Le jardinier

Dire qu’il aimait son jardin, c’est minimiser sa passion. Dire qu’il était un jardinier fou, c’est marcher sur ses plantations. La seule chose que je pourrais vous dire, c’est d’aller le voir dans son potager.

– Reste où tu es, ne bouge pas sinon tu vas envoyer des vibrations et retarder le départ de mon régiment de petits pois qui va se mettre en route, car l’arrosage que j’ai fait il y a un quart d’heure doit les avoir réveillés. Tu entends ?

– Non, je n’entends rien.

Il se coucha en plaçant son oreille contre la terre fraîchement travaillée.

– Fais-en autant – Ce que je fis.

– Maintenant, tu entends ? Ils battent du tambour contre leurs parois. Respire doucement, écoute bien. Là, ils vont taper jusqu’à déchirer les membranes. Le rock à côté, c’est de la gnôle d’alouette. T’as à peine le temps d’en avoir l’odeur que c’est déjà évaporé. Mais là mon gars, ça cogne et ça résiste, ça cogne et ça insiste et ça cogne et ça craque. Ça y est, ouah la vache ! ça, c’est du petit pois de première ! C’est parti, un bout vers le bas, un bout vers le haut. Maintenant il faut attendre car il leur faut un moment pour se remettre. Tu parles d’un boulot ! Si tu veux entendre la suite, reviens demain après-midi, avec un peu de soleil, ça aide et c’est plus clair.

Sur le chemin du retour, moi qui n’ai rien entendu, je me demande ce qu’en pensent les petits pois. En fait, ils se marrent. Oui c’est ça, ils se marrent. Je ne voulais pas y revenir. Imaginez : passer une heure couché, l’oreille plaquée contre la terre fraîchement agitée, à écouter le vide avec autour, des jardiniers, seuls ou en famille, qui vous regardent du coin de l’œil.

– Avance lentement, ça barde en-dessous.

On se couche sur le même emplacement que la veille.

– Ils sont partis de bonne heure. La troupe avance avec au moins un centimètre de racines et presque autant de bras. Tu peux y aller, avec le sol que je leur ai préparé, ça ne peut que rouler, pas un caillou, tout trié à la main.

Écoute bien. Regarde-moi ces tiges qui montent. Oh, de temps en temps, elles rencontrent un obstacle ; c’est les coups et les petits craquements. Tiens là… et encore là, tu vois.

Par contre les racines, ça passe avec plus de souplesse. Elle s’en fichent de rentrer droit. Ce qu’elles veulent, c’est du casse-croûte, un point c’est tout.  Leur son est plus doux, comme un frottement de papier de verre sur du bois. Écoute, c’est par dessous le reste, plus grave, comme un tapis sonore sur lequel la tige pousse vers la lumière.

Cette année ils sont pressés, ces petits pois. Des stars qui veulent frimer au soleil. Faut dire que je les ai bien choisis, bien gras, bien ronds, bien verts, de premier choix mon gars…

Merde ! Écoute ça, nom de Dieu de nom de Dieu, que je la repère, cette garce qui troue à fond les manettes pour me les avaler.

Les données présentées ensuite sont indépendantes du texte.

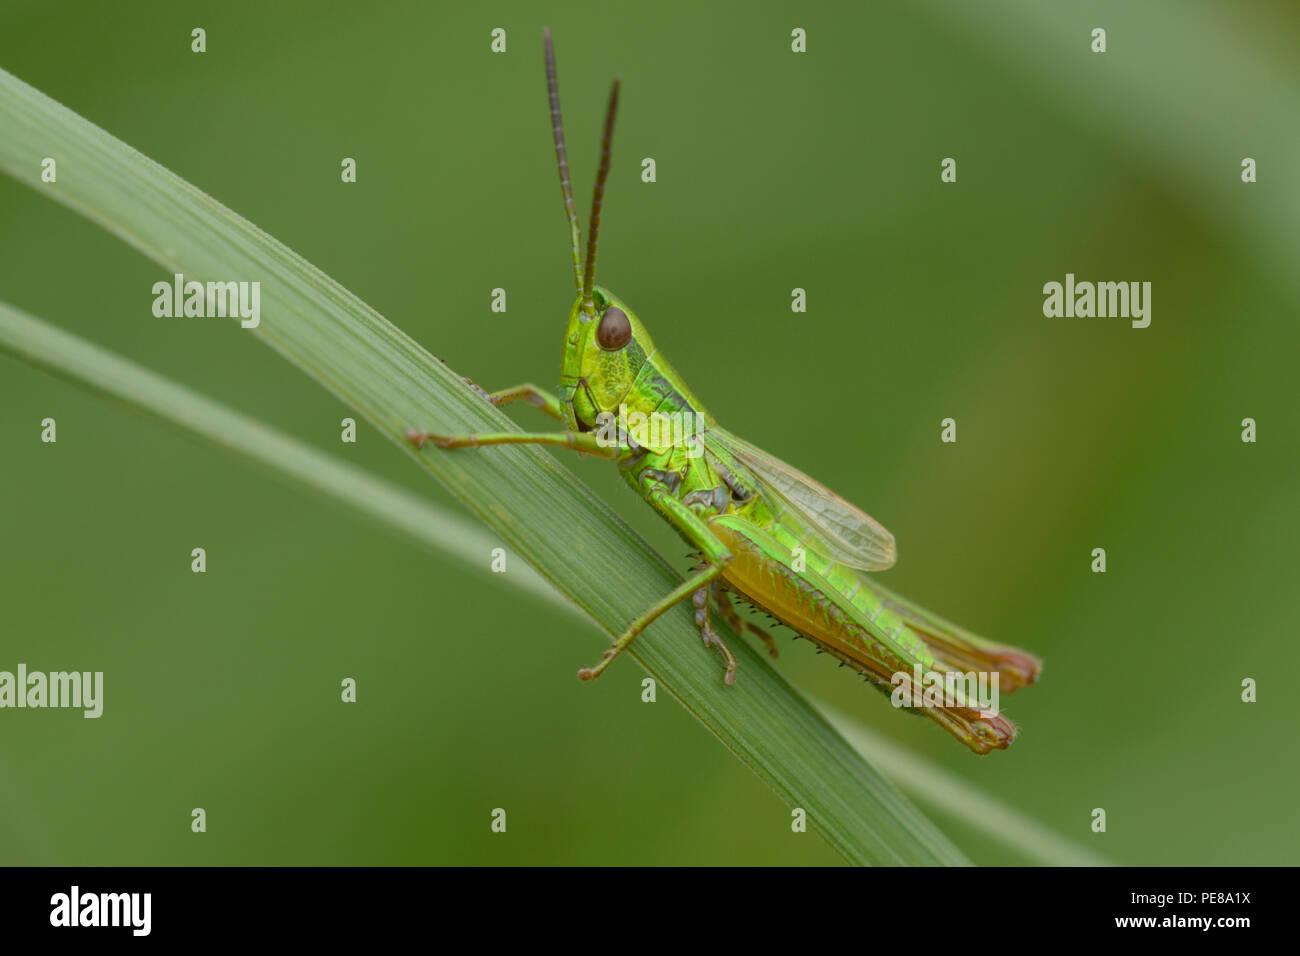 Grüne Heuschrecke sitzt auf einem Gras Stammzellen vor einem unscharfen Hintergrund. Firma Lugi, Karpaten, Ukraine, Juni, 2018 Stockbild

Mais c’est pas possible, elle est en train de m’en boulotter un, tu entends les craquements ? Elle doit avoir la dalle, car elle tire sur la tige et les racines, tout y passe. Bouge pas, je vais aller l’aider moi, cette fouineuse de mes deux.

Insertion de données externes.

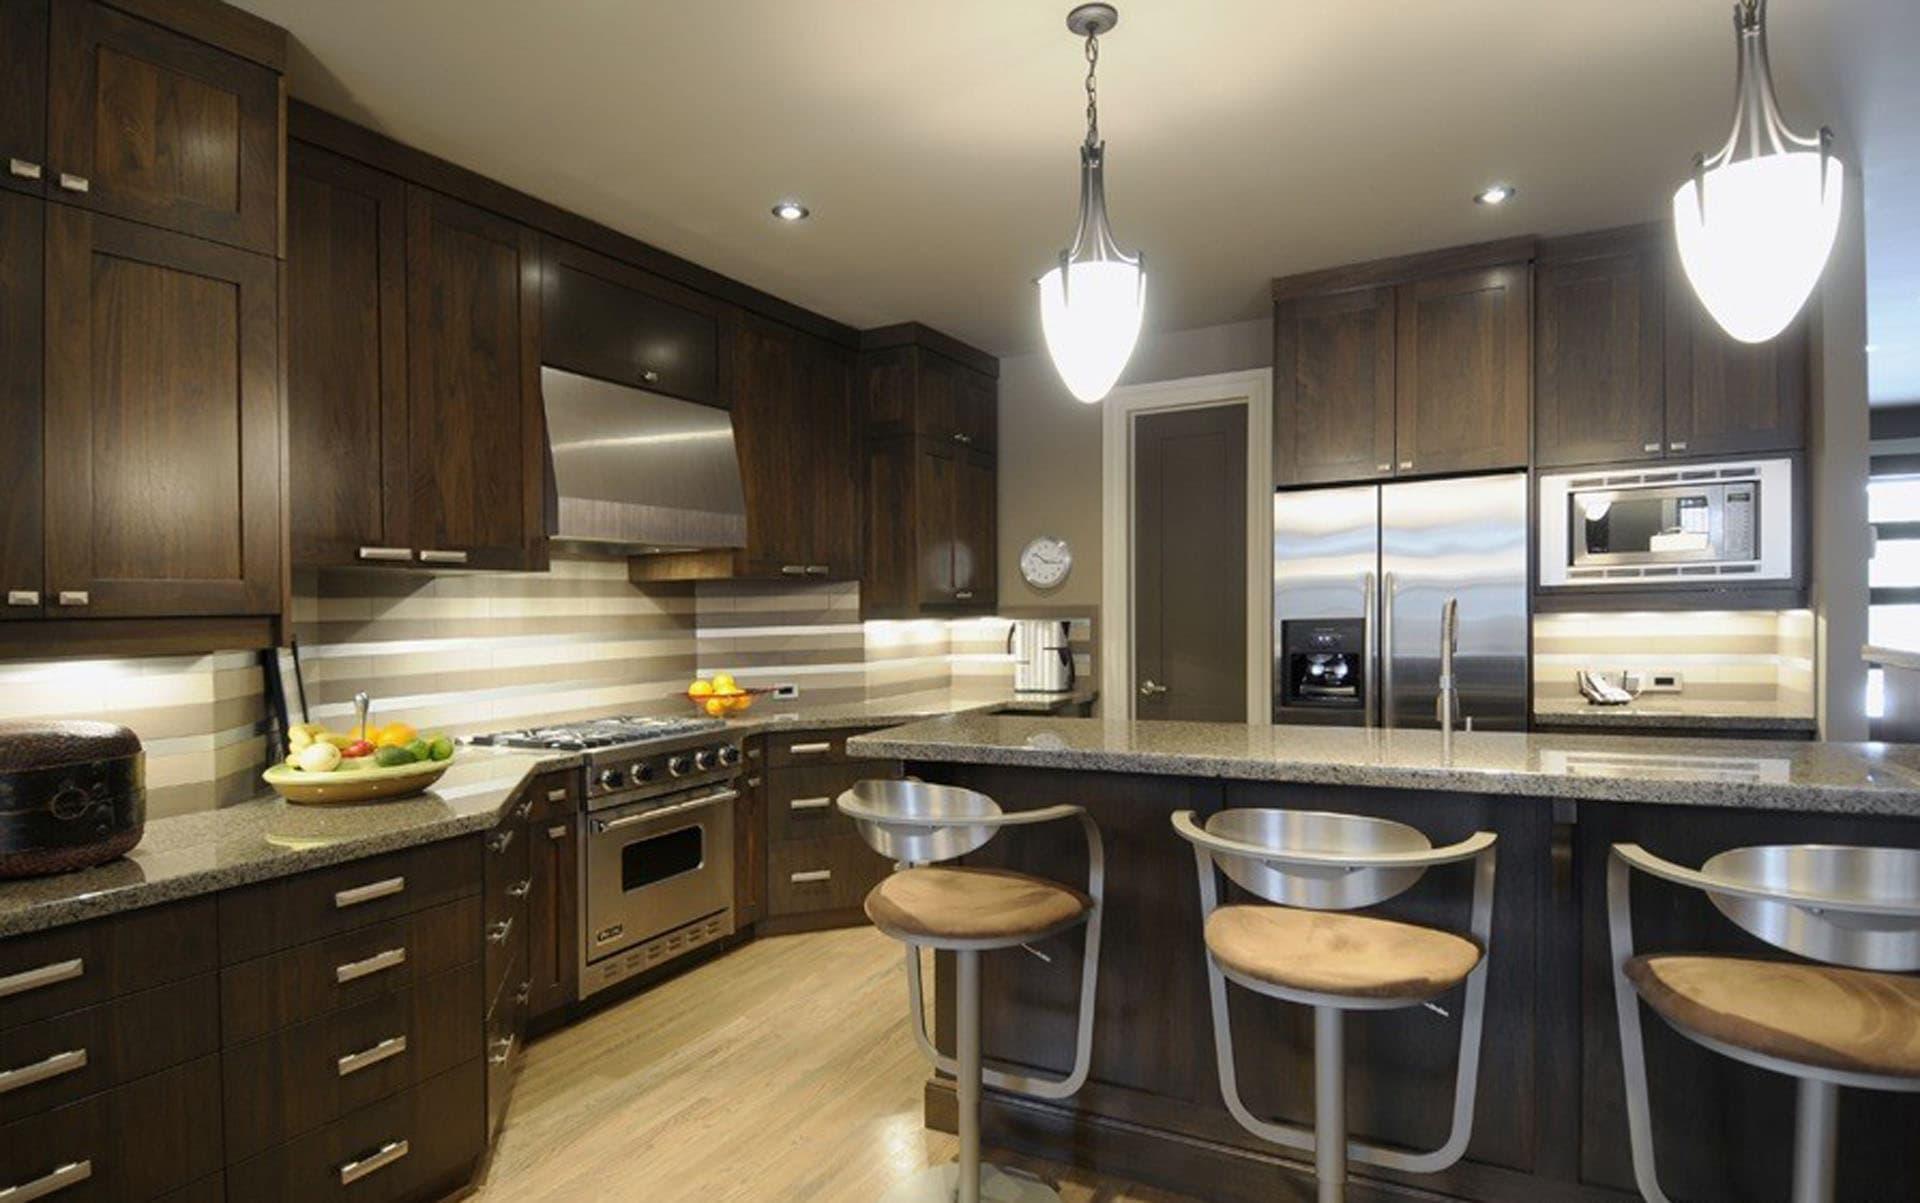 wasserman kitchen complete

Il partit en souplesse pour ne pas effrayer le reste de sa tribu et revint avec un ustensile genre tranchant à asperges. Il reposa son oreille en glissant au-dessus du sol comme un reptile. D’un coup il planta son appareil et le retira tout aussi vite avec au bout, l’air surpris – on le serait à moins – notre larve la bouche pleine.

– Et crac, mon lascar ! Finie l’orgie dans mon garde-manger. Et voilà le boulot mon coco, t’as vu ? Faut pas jouer au plus malin avec moi, j’ai les esgourdes dans la terre comme un furet. Bon, un peu d’eau sur les petits pois pour leur faire oublier ce stress. Et que les terroristes se tiennent à carreau car le père Polo veille sur le magot !

Je l’ai salué bien bas comme si j’étais persuadé à cet instant qu’il ne fallait pas le contrarier et je suis revenu sur mes pas en effaçant toutes mes traces, pour être sûr de ne plus jamais retrouver le chemin qui mène à ce potager. Mais de temps en temps, tout au long du retour, je me retournai et regardai au-dessus de moi pour vérifier si une oreille immense n’était pas en train de m’écouter marcher.